We have described two methods where a load balancer outside the cluster distributes traffic to target applications inside the cluster.
Next, we are going to talk about MetalLB which is a load balancer inside the cluster.
MetalLB
MetalLB is an open-source load balancer for Kubernetes. Some Kubernetes distributions include MetalLB as an add-on. If not, you can install MetalLB by following the instructions here.
MetalLB consists of a controller
which is a Kubernetes Deployment and a speaker
which is a Kubernetes DaemonSet.
Metallb can load balance in either layer 2 or layer 3 mode.
MetalLB - Layer 2 mode
In layer 2 mode, MetalLB selects one node in the cluster as the leader node. The leader node responds to ARP requests for Kubernetes Service IP address.
The client sends all traffic destined to the Service to the leader node.

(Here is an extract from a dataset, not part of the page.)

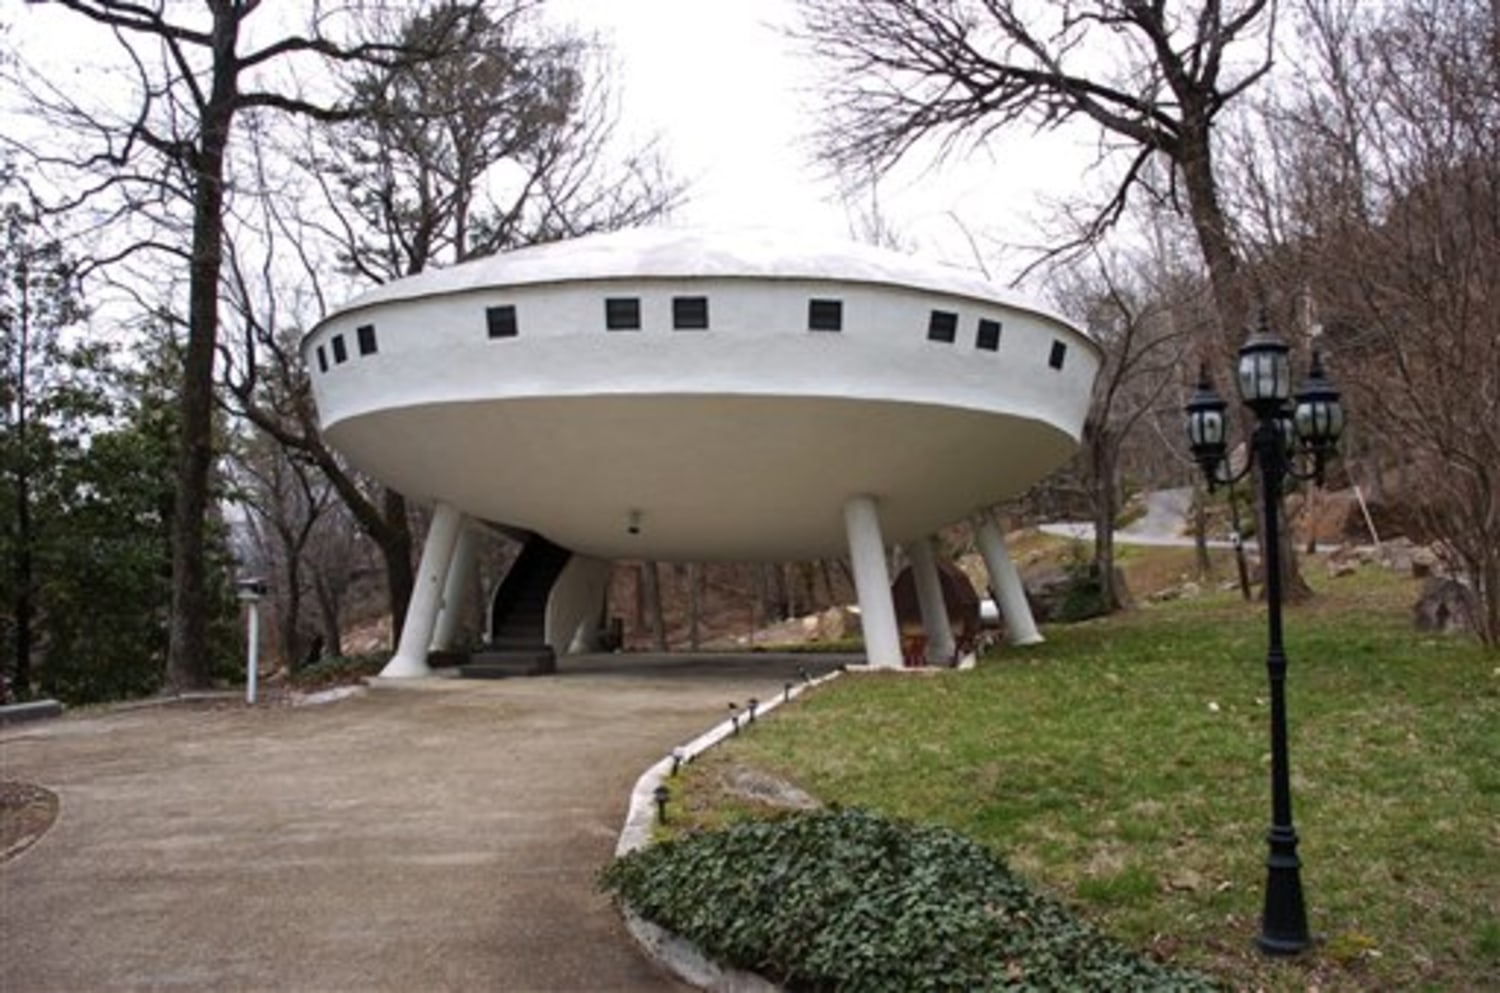 Price for flying-saucer house fails to take flight

The leader node is responsible for load sharing the traffic to Pods belonging to the service. The kube-proxy handles this load sharing as described in Kubernetes Services in the first article in this series.
If the leader node fails, another node assumes the responsibility of the leader node.
The layer 2 mode is simple to implement. But, routing all traffic through a single node could congest the node at high traffic.
MetalLB - Layer 3 mode
In layer 3 mode, MetalLB creates BGP sessions with a gateway router from each node in the cluster. The nodes that run the workload Pods advertise the Service IP address and the gateway router load share the traffic across the corresponding nodes.
The layer 3 mode overcomes the scalability limitations in layer-2 mode but, has one drawback.
The BGP-based load sharing mechanism is stateless in most routers. A router manages the load sharing destinations in a hash table where the hash is calculated from header parameters of the IP packet.
At an event like adding or removing a new Pod the router rebuilds the hash table causing the ongoing traffic to land on different Pods. The clients will experience a monentarily disconnetion. But, considering the ephemaral nature of Pods, such dicsonnections could not be acceptable.
Scalability of LoadBalancer Services
The Service type LoadBalancer is the most scalable method of exposing applications in Kubernetes to clients outside. You could use NodePort type for specific use cases, but you need a load balancer to scale your applications to thousands of users.
Kubernetes Ingress is also method of exposing HTTP-based applications to external clients. We will talk about it in an upcoming post.